In another embodiment, the probe of the kit can comprise a polymerase chain reaction primer pair capable of amplifying some or all of the nucleic acid sequence including from D20S211 through D20S120. The polymerase chain reaction primer pair can be an STS PCR primer pair selected from the group consisting of AFMa233wg1, AFM080ya1, AFM069ya1, WI-16748, WI-9939, AFMa072zb9, WI-6578, AFM224zd12, WI-9227, and AFM276xh1. The probe can be a cloned human nucleic acid, and the cloned human genomic nucleic acid can be attached to a solid surface. The attached probe can be a member of a nucleic acid array. The kit can further comprises instructional material that indicates that the detection of greater than two amplicon copies in a cell can be diagnostic or prognostic of cancer or tumorigenesis.

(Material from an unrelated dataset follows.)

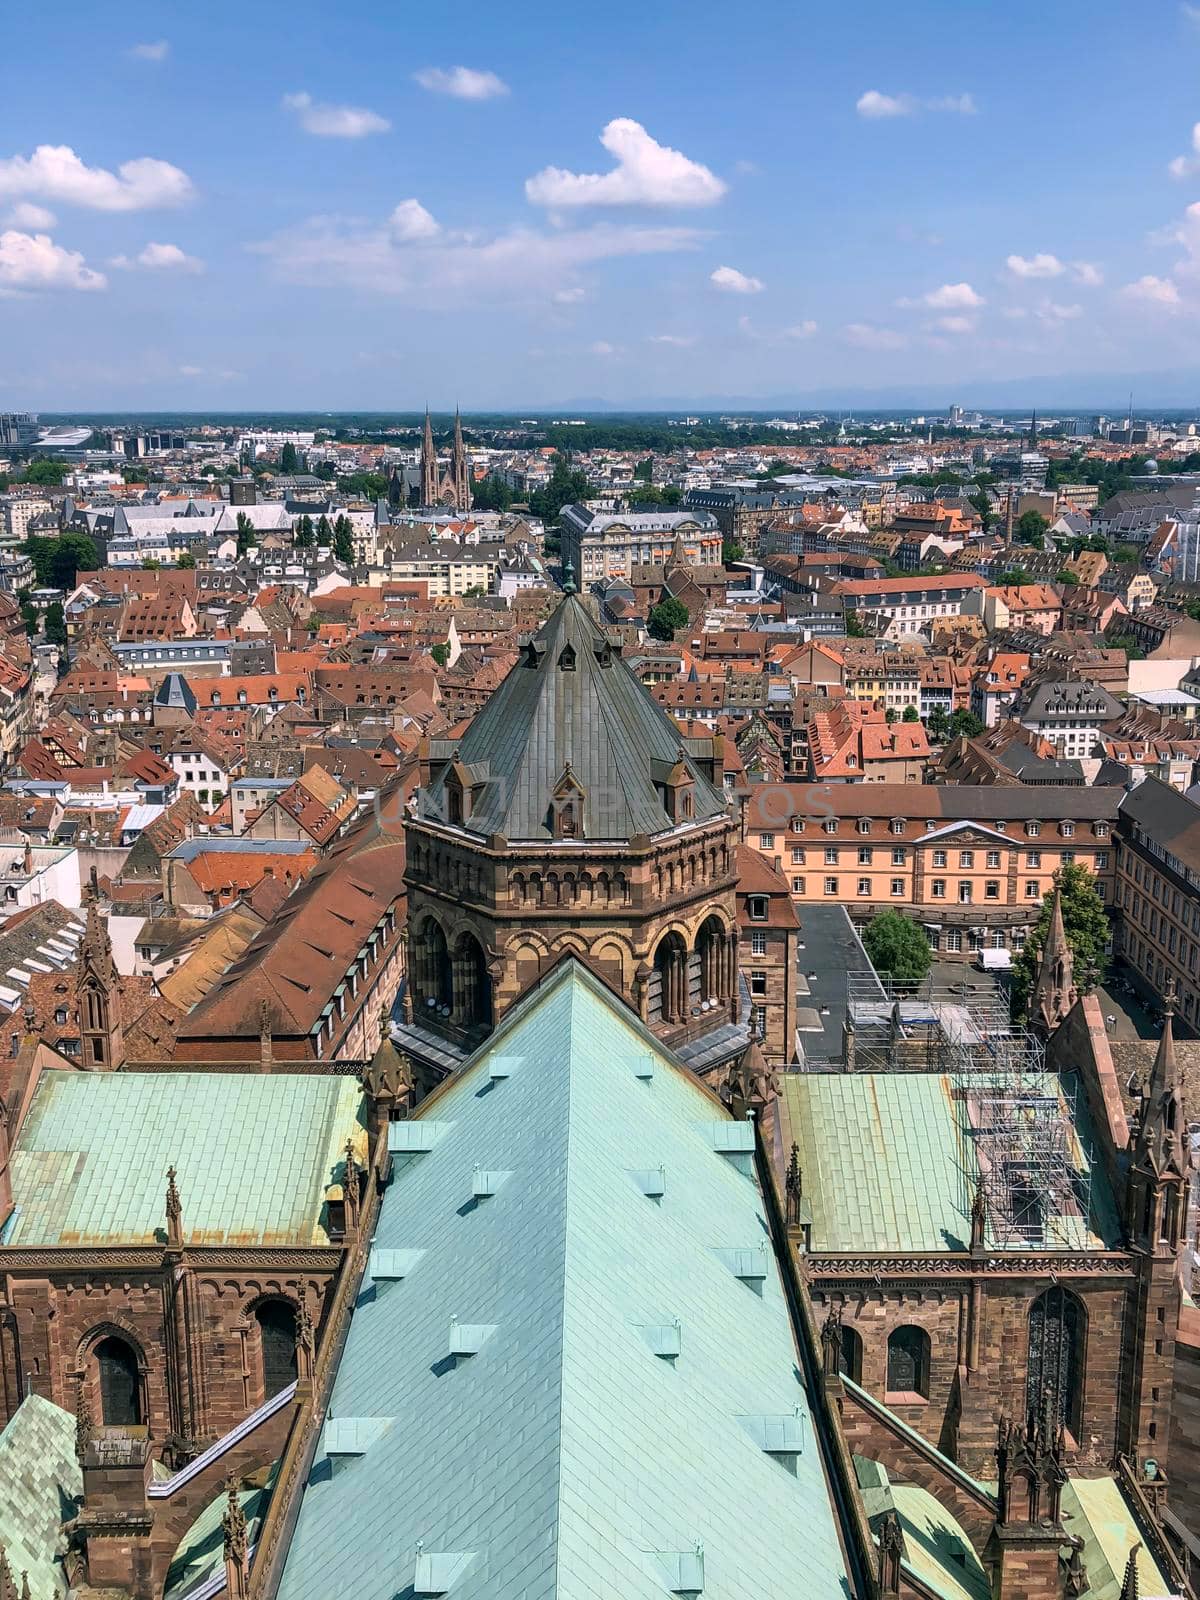 Strasbourg - Cathedral Notre-Dame - stock photo by kaliaevaen

A further understanding of the nature and advantages of the present invention may be realized by reference to the remaining portions of the specification, the figures and claims.
All publications, GenBank Accession references (sequences), patents and patent applications cited herein are hereby expressly incorporated by reference for all purposes.